The standard Learning with Errors (LWE) problem is associated with a polynomial modulus, which implies exponential hardness against quantum or classical algorithms. However, most of the existing LWE-based PRF schemes need super-polynomial or even exponential modulus. The very recent works due to Kim (Eurocrypt 2020) and Lai et al. (PKC 2020) present PRFs from the standard LWE (i.e., LWE with polynomial modulus) assumptions. However, their PRFs cannot be implemented in NC circuits. With the help of the Döttling-Schröder (DS) paradigm (Crypto 2015), Lai et al.’s PRF circuit can be compressed to \(NC^{2+\delta }\) with \(\delta > 0\). In this paper, we focus on constructing PRFs with shallower circuit implementations from the standard LWE assumption. To this end, we present three PRF schemes. The first two schemes are constructed from the generalized pseudorandom synthesizer (gSYN) and pseudorandom generators (PRGs) and can be implemented in \(NC^3\) and \(NC^2\) respectively. Meanwhile, the security of the two PRFs are based on the standard LWE assumptions, but only allow bounded queries from the adversary. Then we apply the DS paradigm to our PRFs to obtain the third PRF scheme in circuit class \(NC^{1+\epsilon }\) with \(\epsilon \in (0,1)\), which not only relies on the standard LWE assumption, but also supports unbounded queries.
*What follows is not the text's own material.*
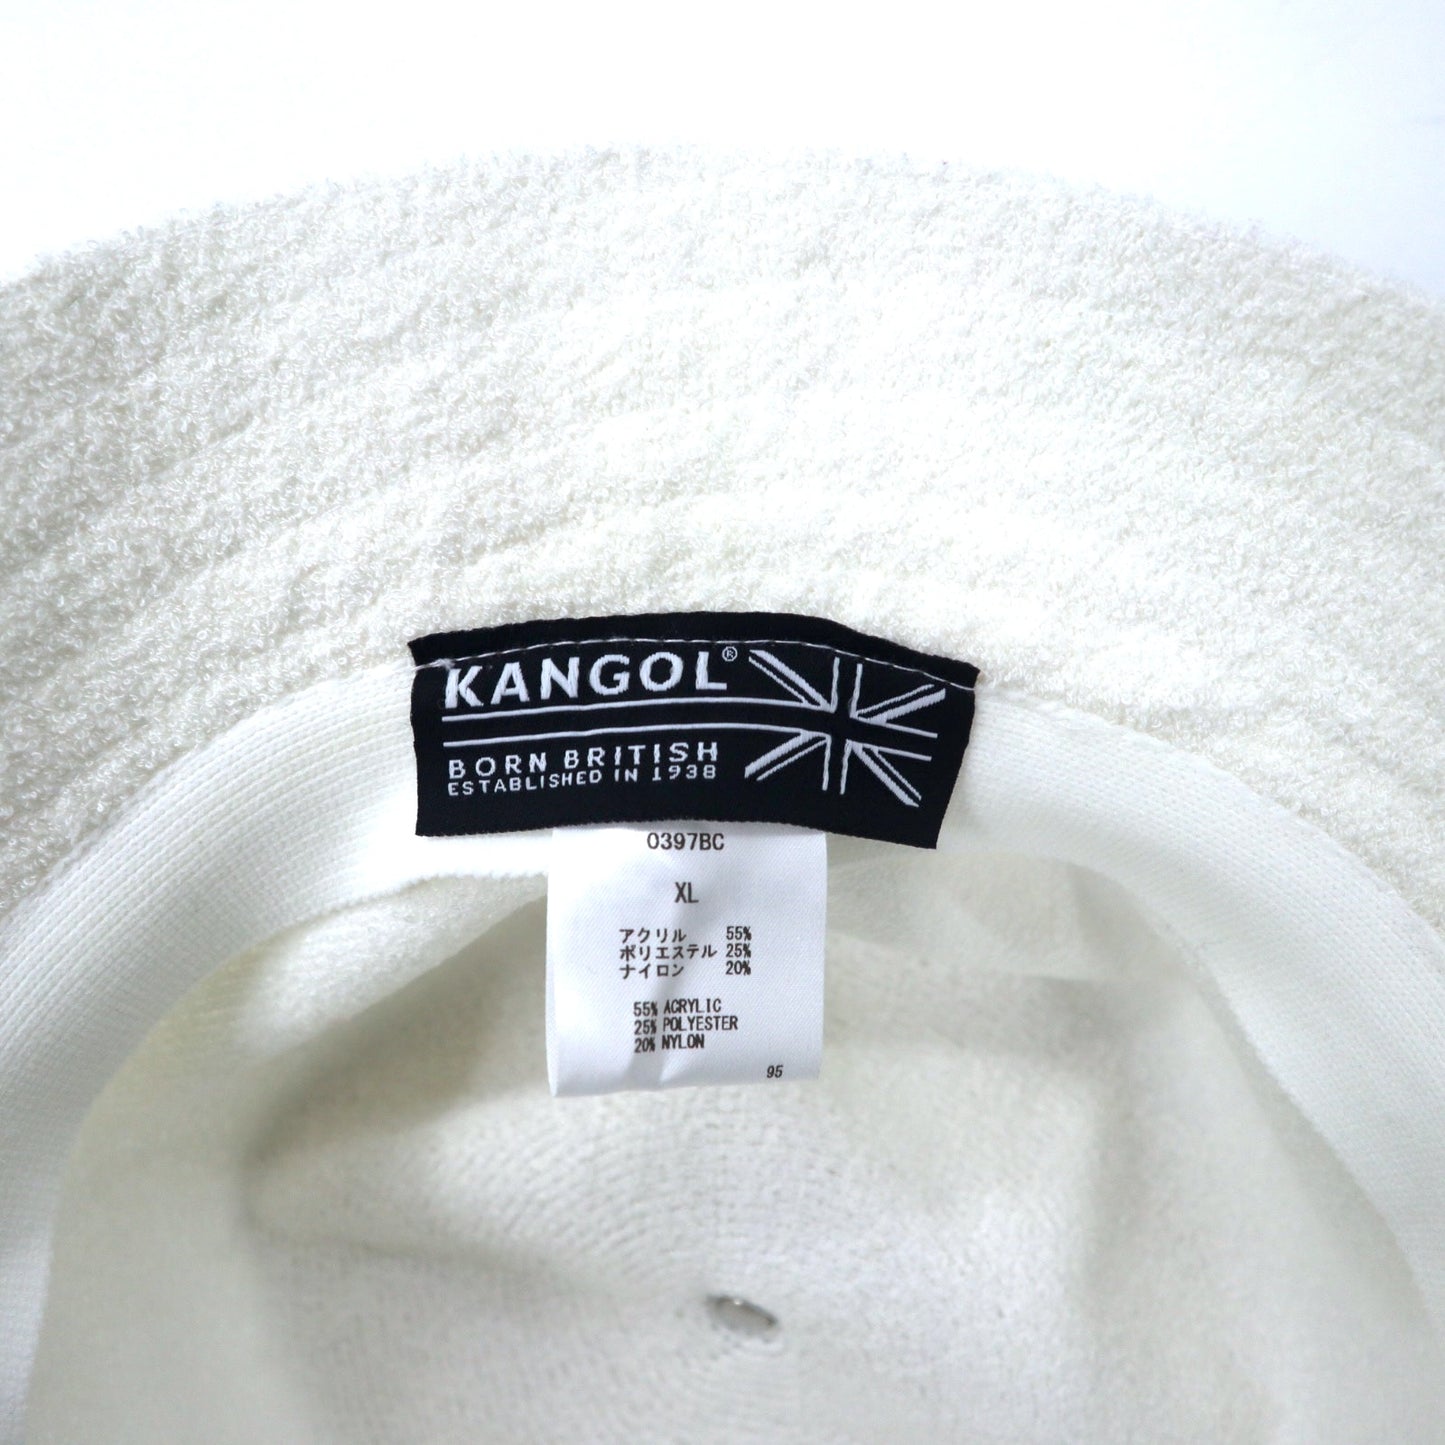 KANGOL バケットハット XL ホワイト アクリル ワンポイントロゴ刺繍 BERMUDA CASUAL バミューダ 0397BC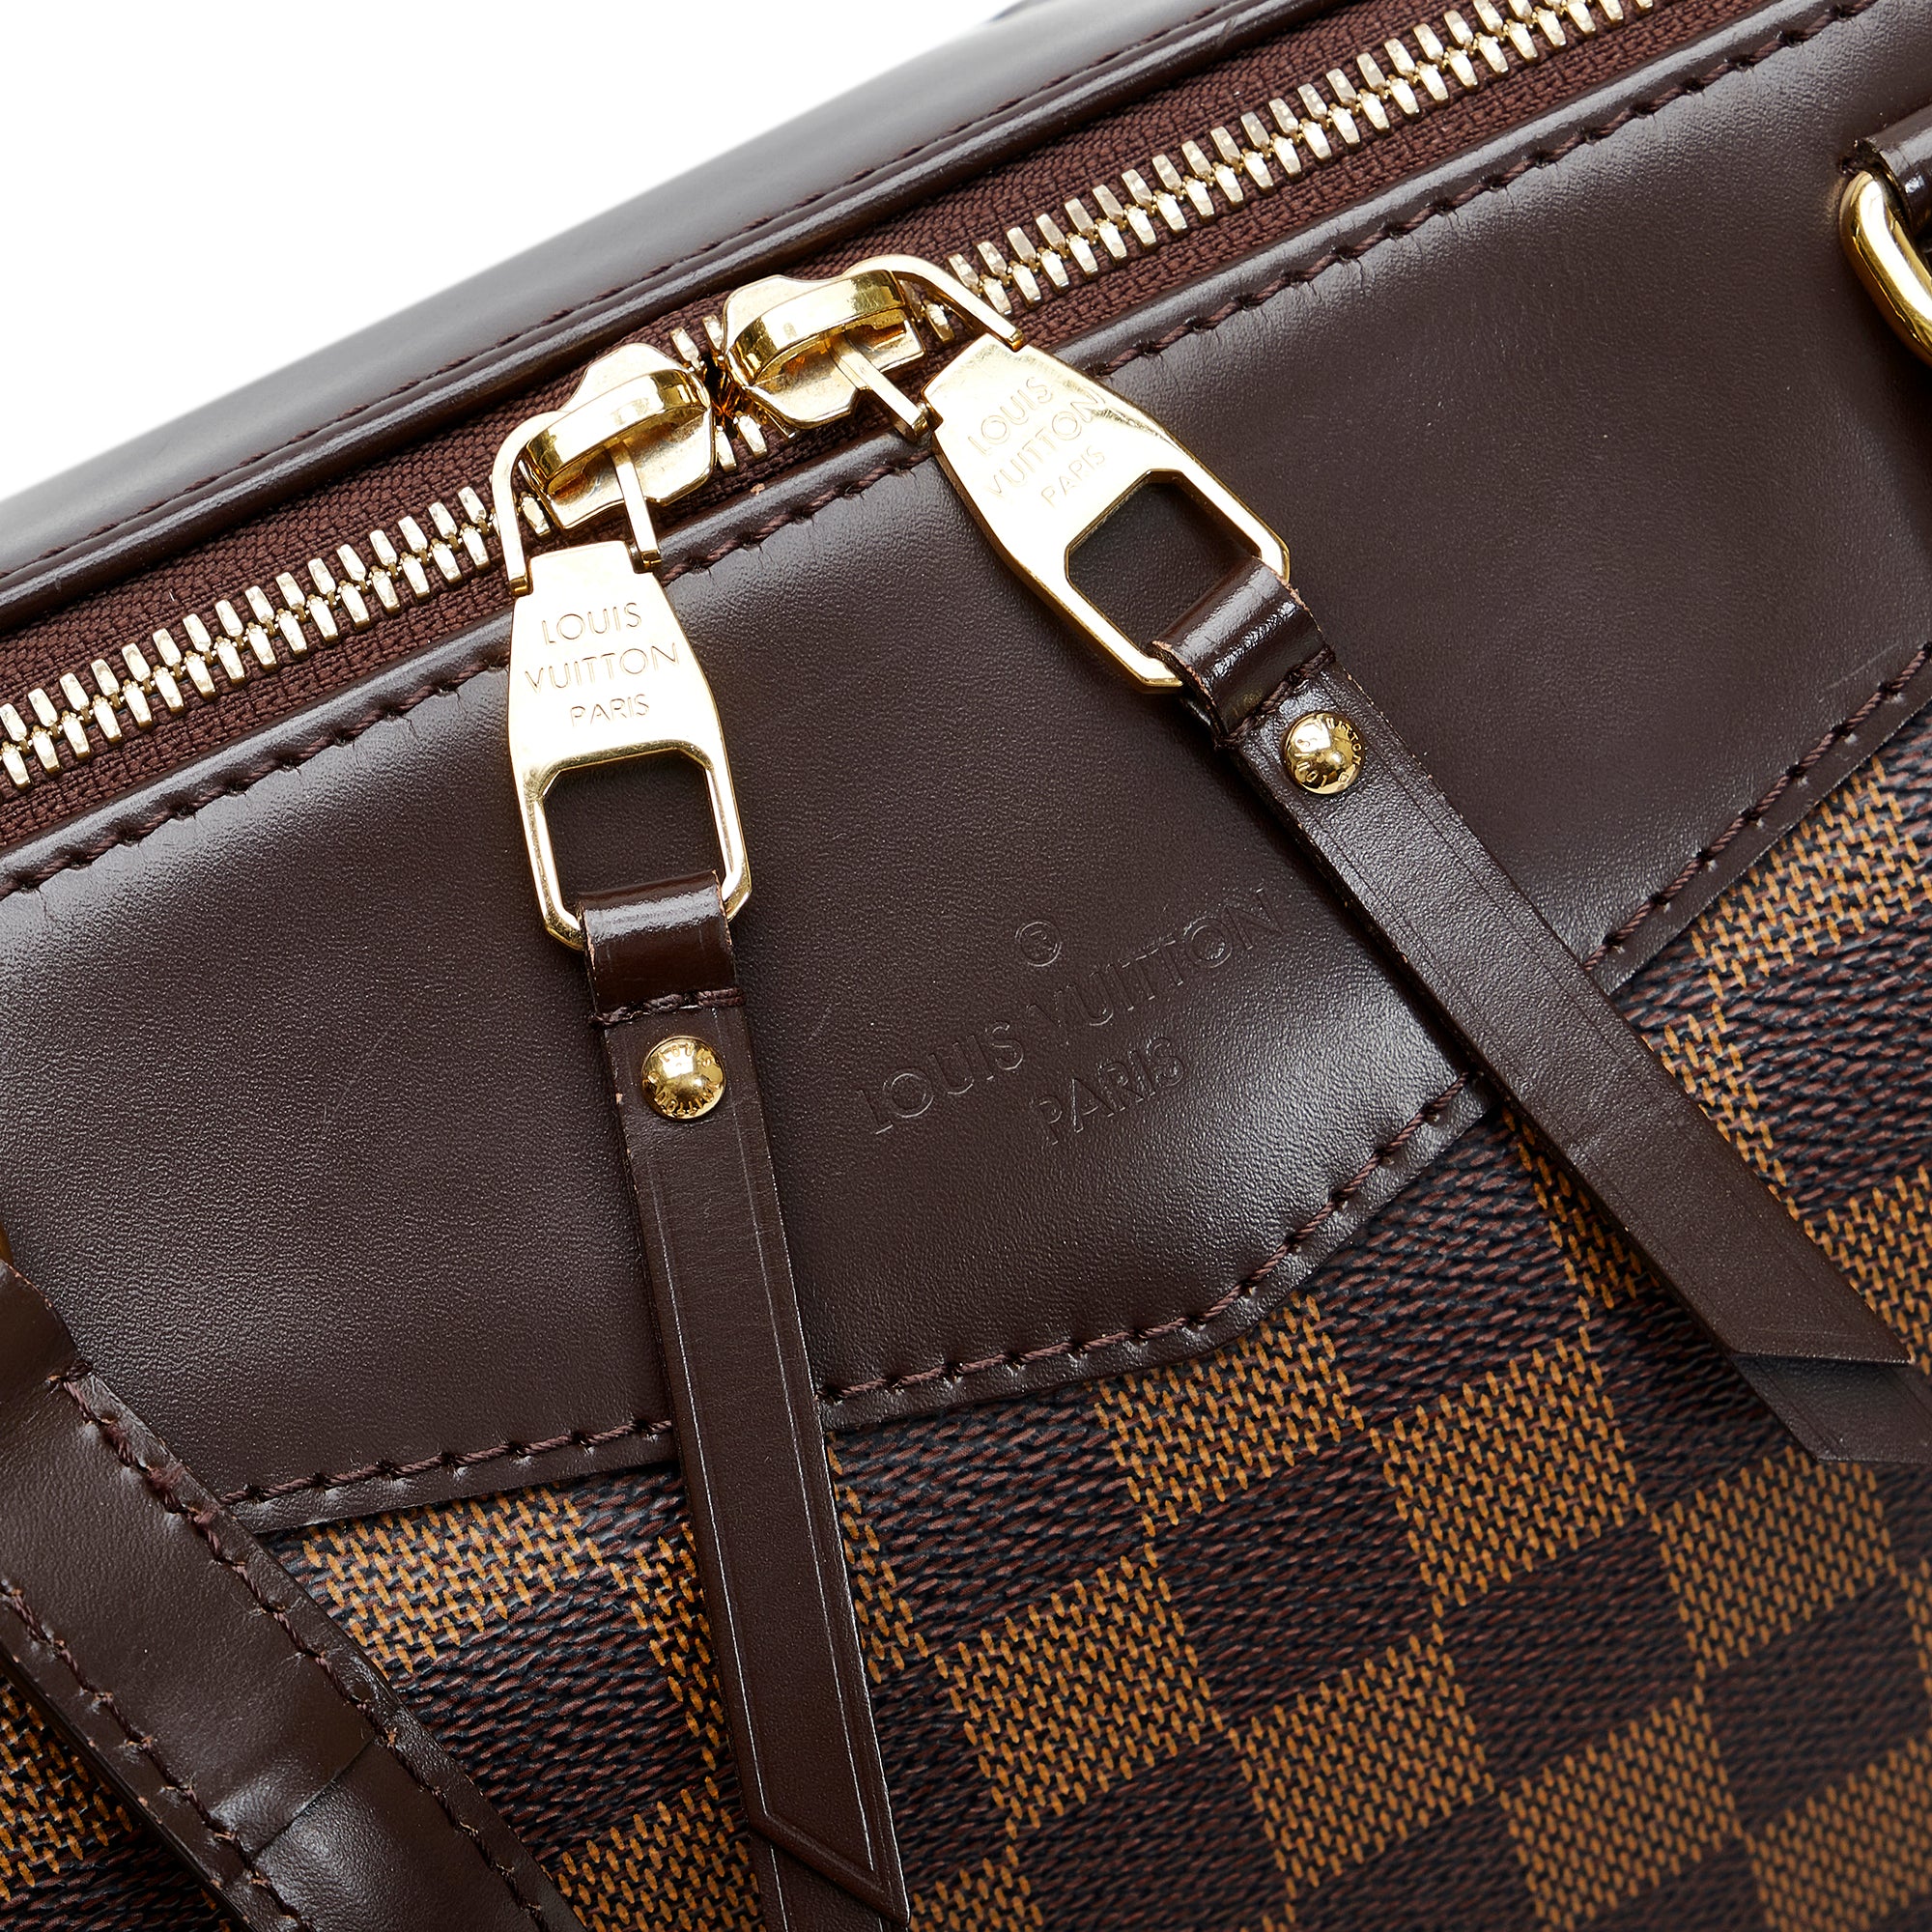 Louis Vuitton Damier Ebene Westminster Shoulder Bag

Compared with the existing PRFs from standard LWE, our third PRF has the shallowest circuit.

标准的错误学习 (LWE) 问题与多项式模数相关，这意味着对抗量子或经典算法的指数硬度。然而，现有的大多数基于 LWE 的 PRF 方案都需要超多项式甚至指数模。Kim (Eurocrypt 2020) 和 Lai 等人的最新作品。(PKC 2020) 根据标准 LWE（即具有多项式模数的 LWE）假设呈现 PRF。然而，它们的 PRF 不能在 NC 电路中实现。在 Döttling-Schröder (DS) 范式 (Crypto 2015) 的帮助下，Lai 等人的 PRF 电路可以压缩为\(NC^{2+\delta }\)和\(\delta > 0\). 在本文中，我们专注于根据标准 LWE 假设构建具有较浅电路实现的 PRF。为此，我们提出了三种 PRF 方案。前两种方案由广义伪随机合成器 (gSYN) 和伪随机生成器 (PRG) 构成，可以分别在\(NC^3\)和\(NC^2\) 中实现。同时，两个 PRF 的安全性基于标准的 LWE 假设，但只允许来自对手的有界查询。然后我们将 DS 范式应用于我们的 PRF 以获得电路类\(NC^{1+\epsilon }\) 中的第三个 PRF 方案，其中\(\epsilon \in (0,1)\)，它不仅依赖于标准的 LWE 假设，而且还支持无界查询。与来自标准 LWE 的现有 PRF 相比，我们的第三个 PRF 具有最浅的电路。